Het is net na 9/11: de angst voor terrorisme weegt plotseling zwaarder dan de angst voor het leven in een surveillancestaat.
Te gepland om waar te zijn?
Naomi Kleins verslag van de schokstrategie is vaak afgedaan als een complottheorie, zoals in Zeit online . Ze heeft niet meer “alle kopjes in de kast” en is “gek geworden”. De schokstrategie is een boek voor mensen “die al vastzitten in de complottheorieën van globaliseringscritici”, schreef de Süddeutsche Zeitung . Dergelijke berekende plannen voor massale traumatisering, marteling en uiteindelijke systeemverandering konden niet onopgemerkt blijven bij het publiek. Nee, dat hadden we gemerkt. In een poging het bestaande beeld van staat en politiek niet te kraken, wordt elke parallel getrokken door Klein ontkend.
Het valt echter niet te ontkennen dat de drie-eenheid van de vrije markt lange tijd de harde realiteit is geweest die door veel landen en hun mensen dagelijks wordt gevoeld. Of het nu gaat om Afghanistan, Algerije, Argentinië, Bolivia, Brazilië, Chili, Ecuador, El Salvador, Indonesië, Irak, Nicaragua, de Filippijnen, Polen, Rusland, Sri Lanka, Zuid-Afrika, Zuid-Korea, Thailand – Kleins historisch complexe flashbacks laten hun sporen na, zelfs op de lezer. Maar hoe komt het dat, ondanks de verre van subtiele toepassing van economische schoktherapieën, de machtsmechanismen die eraan ten grondslag liggen verborgen blijven en zo onzichtbaar voor de massa?
Het klimaat van een “grote noodsituatie” werd herhaaldelijk gebruikt, waardoor het beeld van onvermijdelijkheid ontstond: de ongebreidelde markteconomie wordt niet alleen gezien als het enige alternatief, maar ook als “de beste en meest legitieme uitweg uit de crisis”. De noodtoestand stelt politici in staat de wensen van de kiezers te negeren en het land over te dragen aan de economische technocraten. “Stabiliteit” wordt hier gebruikt als officiële rechtvaardiging voor toekomstige crisispreventie (7).
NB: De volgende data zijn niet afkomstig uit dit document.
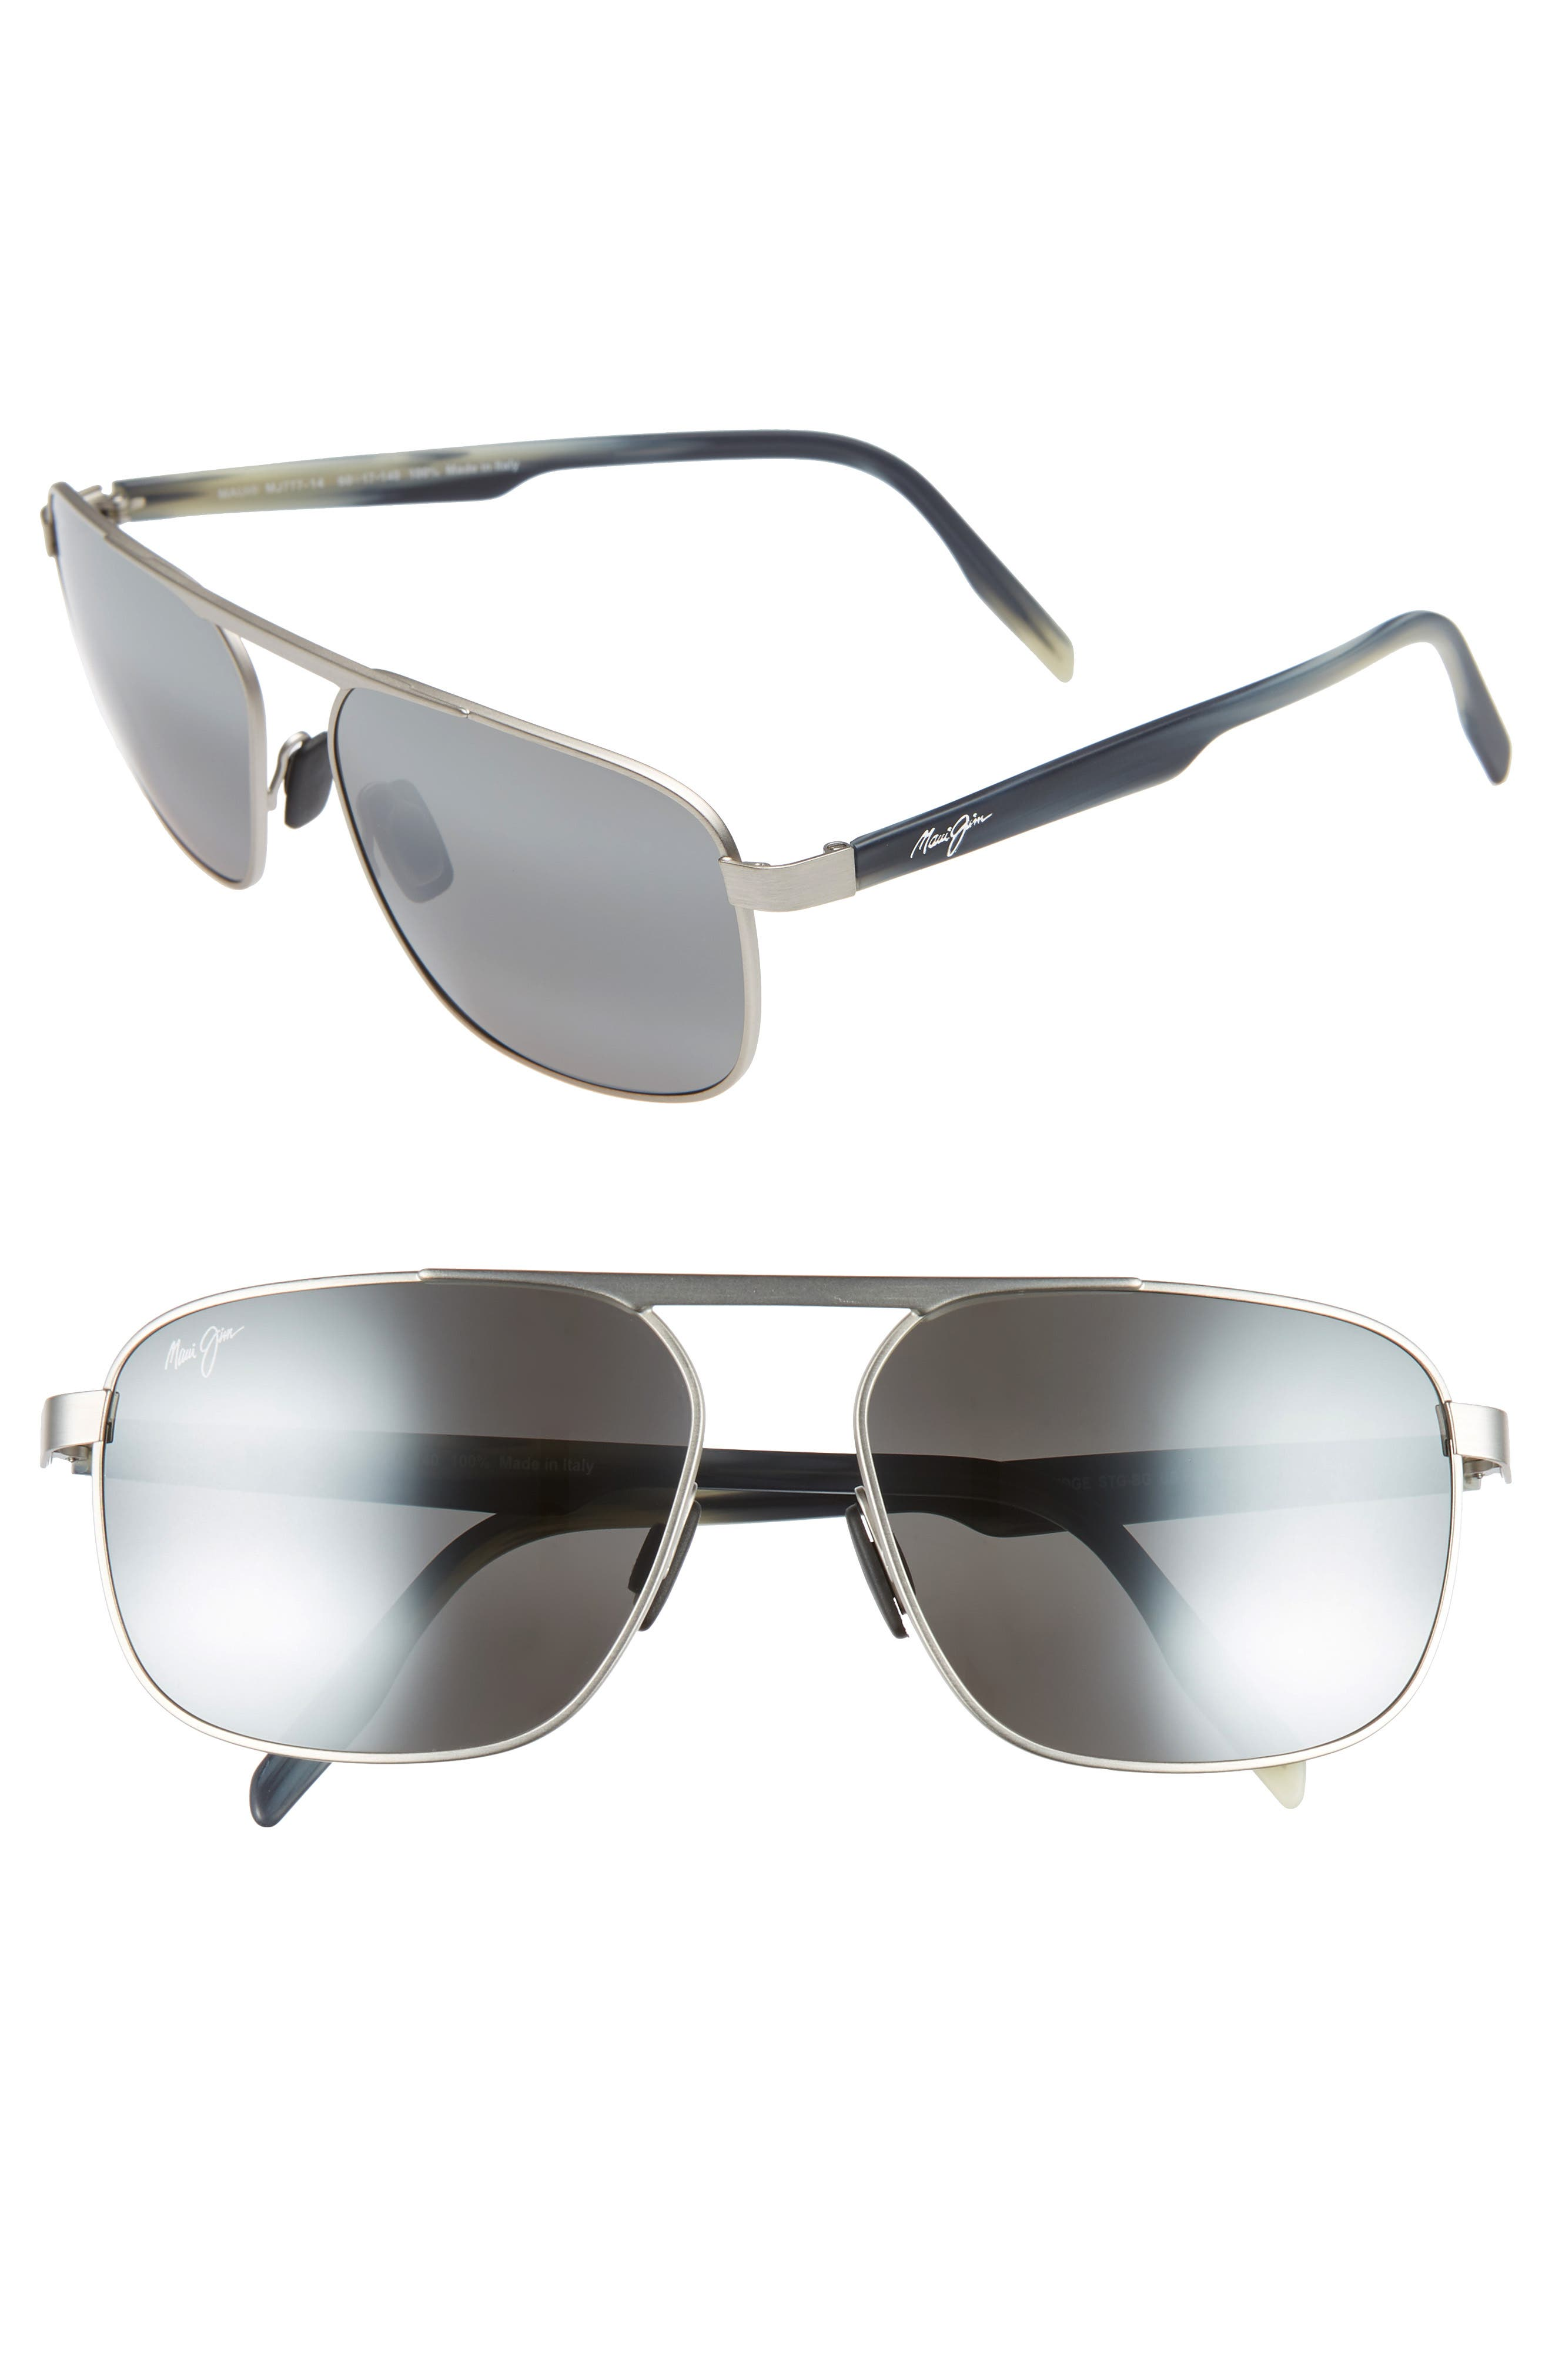 Waihe'e Ridge 60mm Polarized Sunglasses,                             Main thumbnail 1, color,                             BRUSHED GREY/ NEUTRAL GREY

Naomi Klein gaat zelfs zo ver om die ‘crises’ ‘democratievrije zones’ te noemen (8). Ze markeerden het einde van het “laissez-faire-kapitalisme”. Wat is achtergelaten door massale traumatisering en collectieve ontbindingsprocessen, noemt ze ‘rampenkapitalisme’, de mogelijkheid om ‘een technologische democratie op te bouwen’ als de belichaming van de fusie van grote bedrijven en grote overheden . Hun bundeling van machtspotentieel voor de regulering en controle van burgers vertegenwoordigt uiteindelijk de hoogste realisatie van de corporatistische missie: “De totale samenvoeging van de politieke en economische elite in naam van veiligheid” (9).
Oorlog is vrede! Vrijheid is slavernij! Onwetendheid is kracht!
De tijd van open oorlogen is voorbij, maar niet het neoliberale streven om het marktbereik te vergroten. Wat vroeger werd uitgevoerd onder de slogan “oorlog tegen het terrorisme” vindt nu plaats als een soort wereldwijde klassenstrijd – op alle niveaus gevoerd door particuliere ondernemers en betaald met publiek geld (10). Terwijl ze in het oude normaal nog konden handelen onder het mom van vredeshandhaving, vereist de privatisering van regeringen tegenwoordig een schokstrategie .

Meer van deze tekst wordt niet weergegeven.